Commitment to education
The exchange of knowledge is a founding principle of Mayo Clinic. In this tradition, we provide a wide range of educational offerings to help our clients increase understanding.
- Regionally based clinical specialists guide best practices through physician education.
- Access to Mayo Clinic Laboratories education and insight articles.
- Many courses offer CME credits.
- Online trainings are available, such as “Dangerous Goods Shipping,” with printable certificates.
Enhanced patient outcomes
Mayo Clinic Laboratories is dedicated to the health and well-being of our patients, which means helping providers deliver care in their local settings through the utilization of our comprehensive subspecialty test menu. Our mission is grounded in our belief that the patient’s needs are paramount, and our clients receive access to:
- Expert-developed algorithms that ensure the right patient receives the right test.

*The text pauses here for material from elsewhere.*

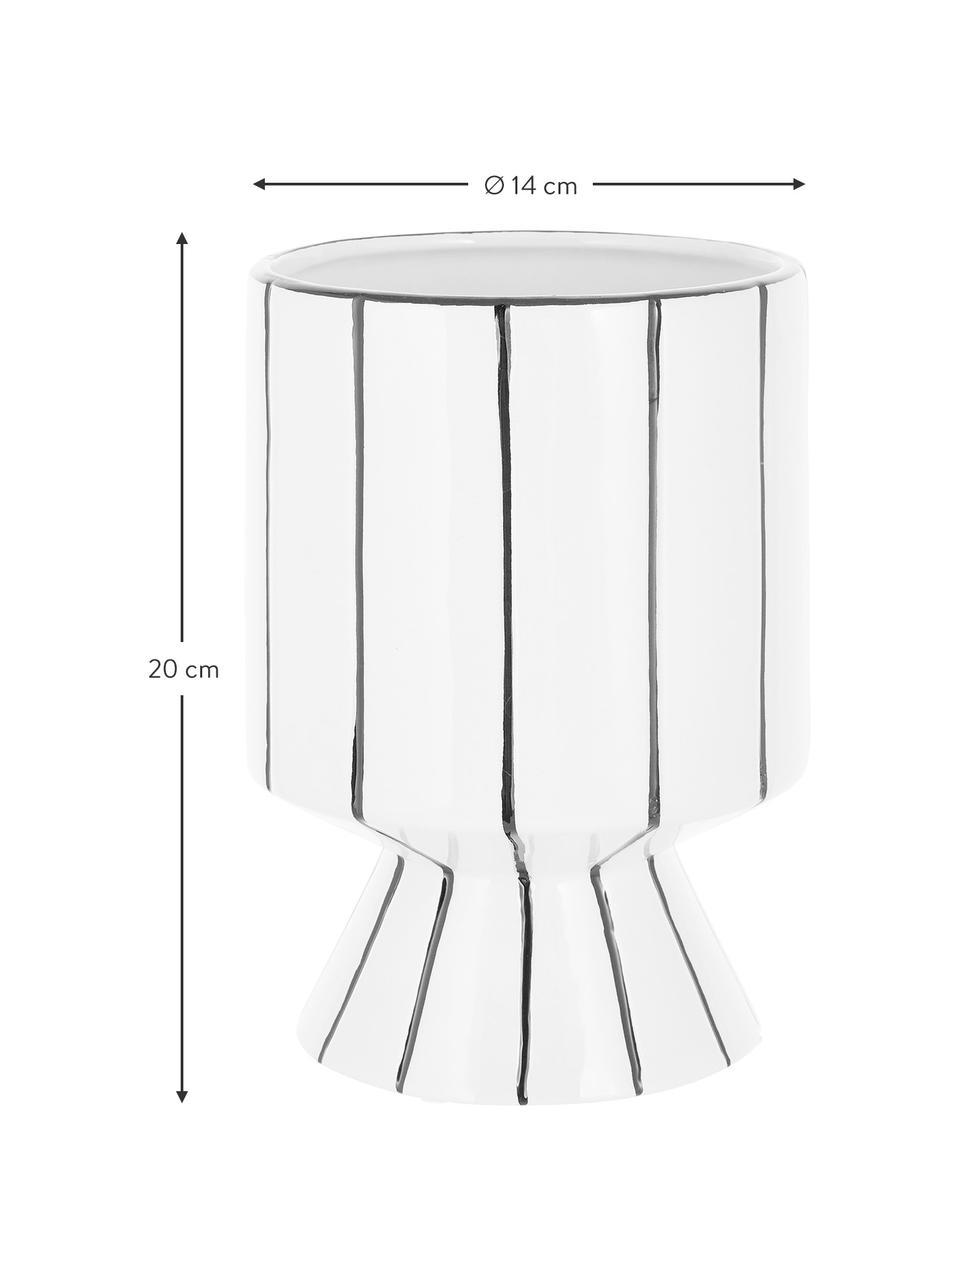 Portavaso rotondo in gres Reno, Gres, Bianco, nero, Ø 14 x Alt. 20 cm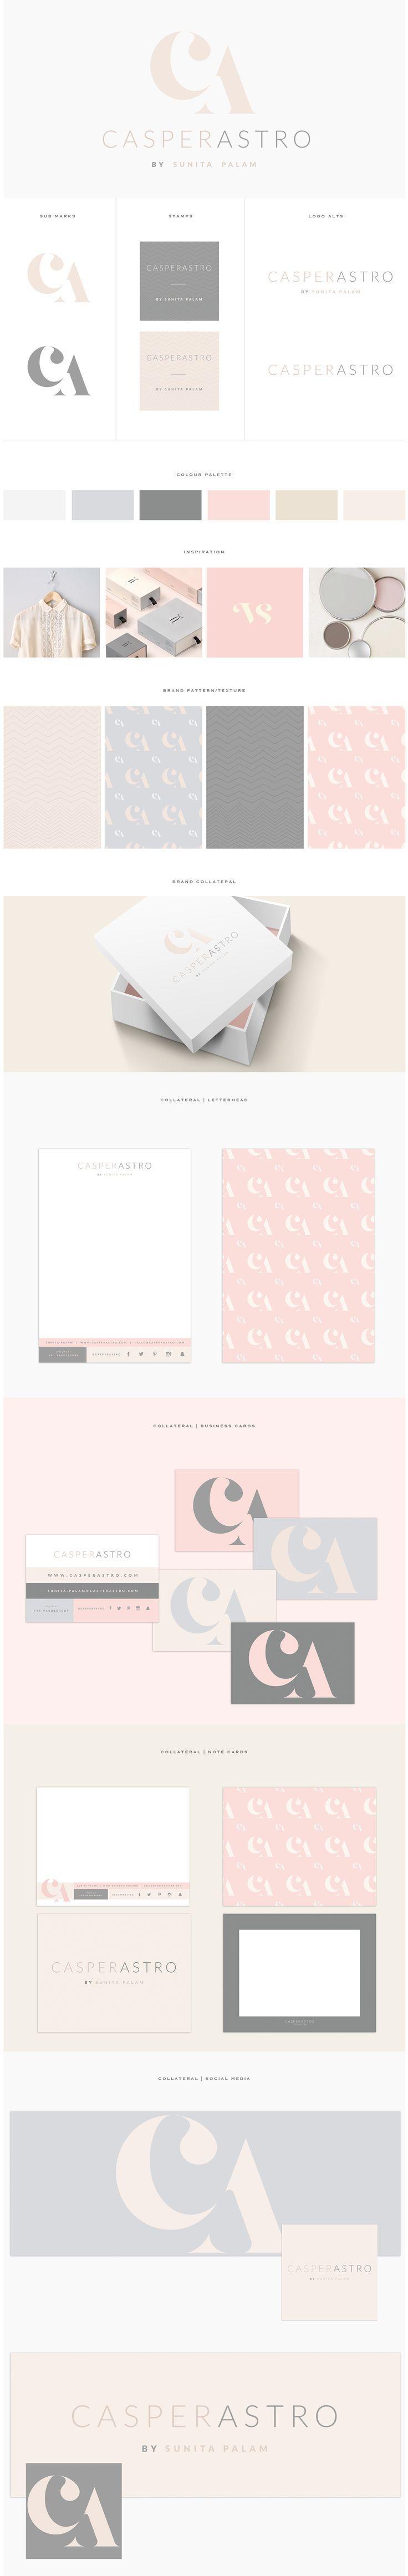 www.brandmebeautiful.co.uk | enquiries@brandmebeautiful.co.uk | Casperastro Brand Design #branding #branddesign #brand #logo #inspiration #colour #blush #nude #cream #pink #grey #charcoal #minimalist #monogram

- Testing for rare and complex conditions, with some of that testing exclusive to Mayo Clinic Laboratories.
- Expeditious results due to continuous test processing.
“We treat all of the specimens we receive with the same high degree of care and quality, regardless of where the sample is coming from. We could be testing a sample from a patient that lives in Rochester, Minnesota, or from someone that lives halfway across the world.”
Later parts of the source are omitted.